11:56 <EshaanAgarwal[m]> jonpsy[m]: During the function calls, the next state which was passed in the function and the next state variable present in the function created a mess. So I took care of that.

11:56 <EshaanAgarwal[m]> It was updating values in wrong variables hence wasn't learning

11:56 <jonpsy[m]> Thought so

11:57 <jonpsy[m]> So all RL tests are passing?

11:57 <EshaanAgarwal[m]> jonpsy[m]: I guess !

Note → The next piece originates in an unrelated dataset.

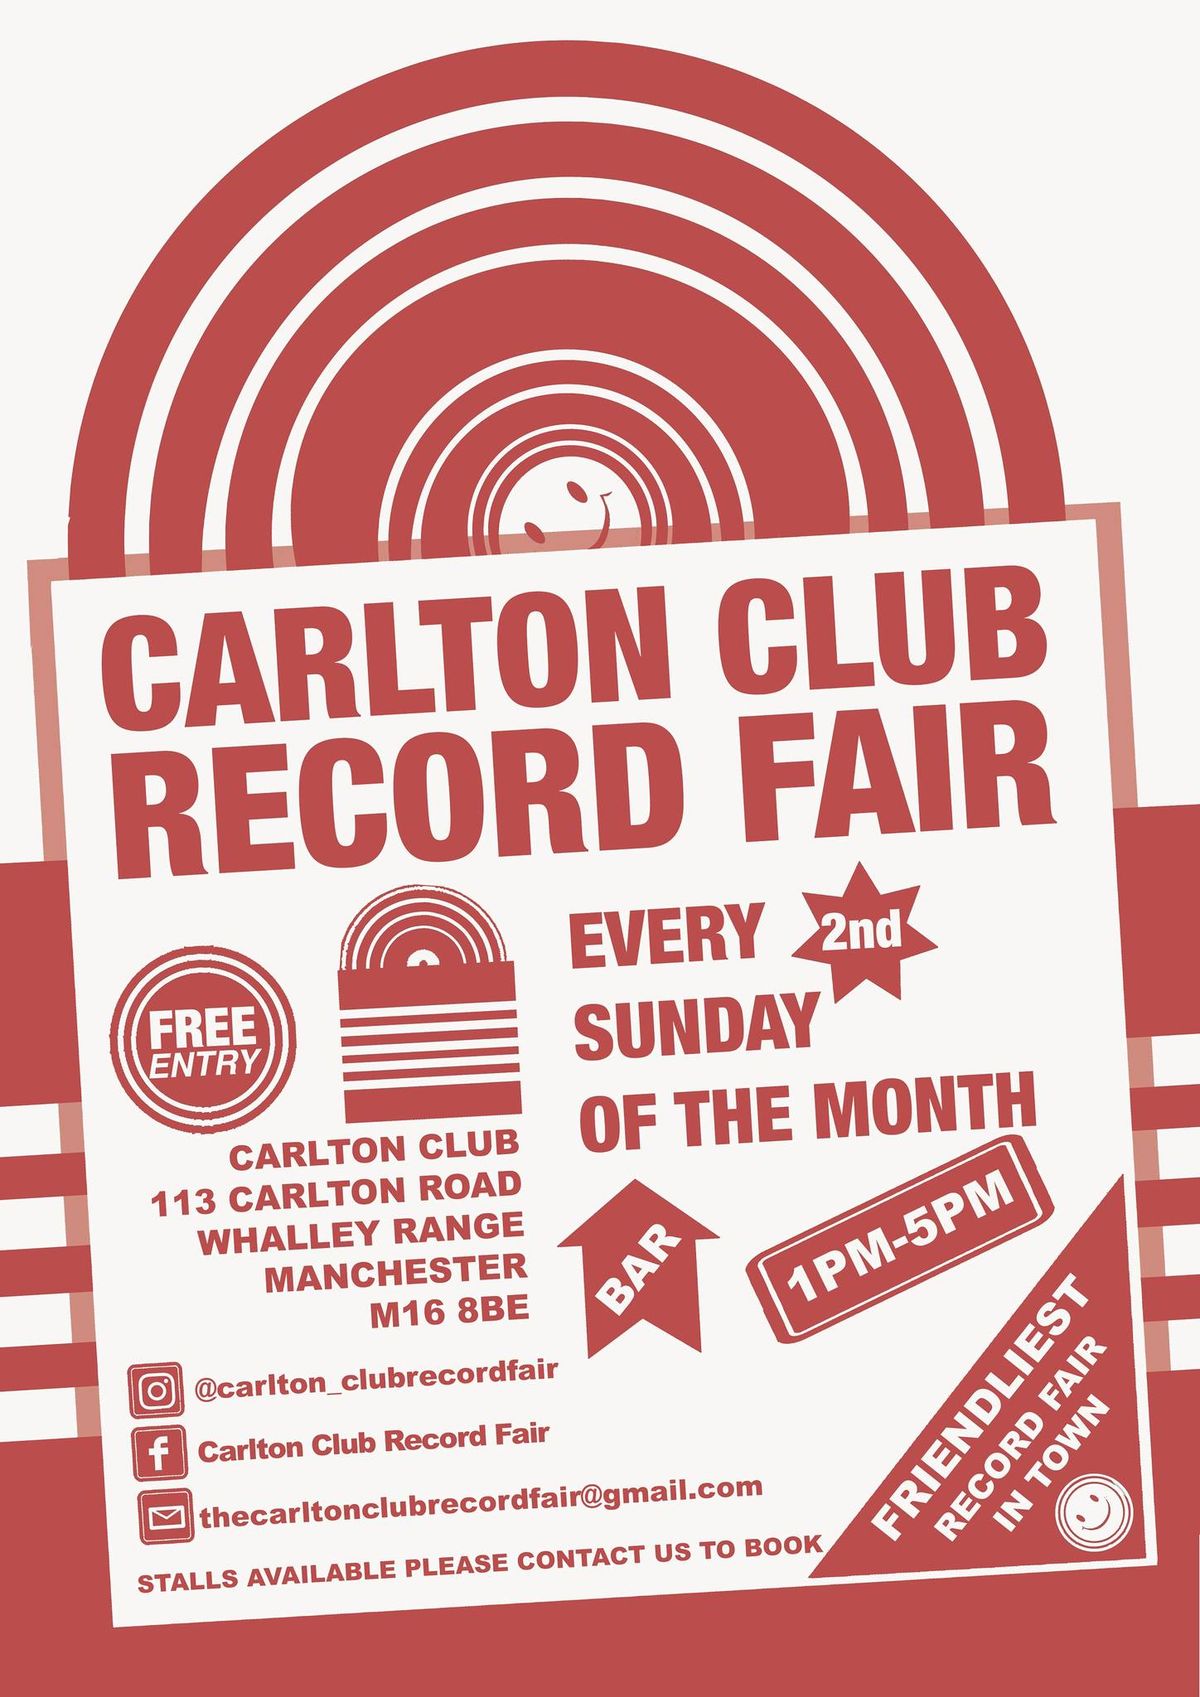 Carlton Club Record Fair

11:57 <jonpsy[m]> Run all test

11:57 <jonpsy[m]> + your own test

11:57 <EshaanAgarwal[m]> jonpsy[m]: All RL right ?

11:58 <jonpsy[m]> yeah

11:58 <EshaanAgarwal[m]> Will do ! Hopefully they should work now 😀

11:58 <jonpsy[m]> I'm having a good feeling it will

11:58 <jonpsy[m]> so if HER passes as well; we need to benchmark, thats v. imp

11:59 <jonpsy[m]> a concrete graph & numbers. I want a report showing HER is consistently better

11:59 <EshaanAgarwal[m]> jonpsy[m]: For that we might require some other evironments ? 👀

12:02 <jonpsy[m]> Lets start with bit flipping

12:02 <EshaanAgarwal[m]> jonpsy[m]: For HER I think we should think over our thresholds for bit flipping environment. Nevertheless I have started the test. Only QLearningTest file is running ! Rest have converged and passed

12:03 <jonpsy[m]> You told me you've taken someone else work as inspiratoin for bit flip right?

12:03 <jonpsy[m]> Someone else had this code; what were their result?

12:04 <EshaanAgarwal[m]> jonpsy[m]: I mean it was a fairly easy environment. But I took reference from 2 repo. Let me check if they gave their result there or not

12:04 <jonpsy[m]> Also, pls mention the source of ur code in the file

12:04 <EshaanAgarwal[m]> jonpsy[m]: Sure ! I will do

12:10 <EshaanAgarwal[m]> <jonpsy[m]> "Also, pls mention the source..." <- Can I share the test file of one of the implementations here ?

12:24 <jonpsy[m]> sure

12:25 <jonpsy[m]> but generally paste the link of the source in code always. Any helpful doc. related to it is also welcome

12:27 <EshaanAgarwal[m]> jonpsy[m]: https://github.com/IntelLabs/coach/blob/master/rl_coach/tests/memories/test_hindsight_experience_replay.py i could find this one ! others dont have test.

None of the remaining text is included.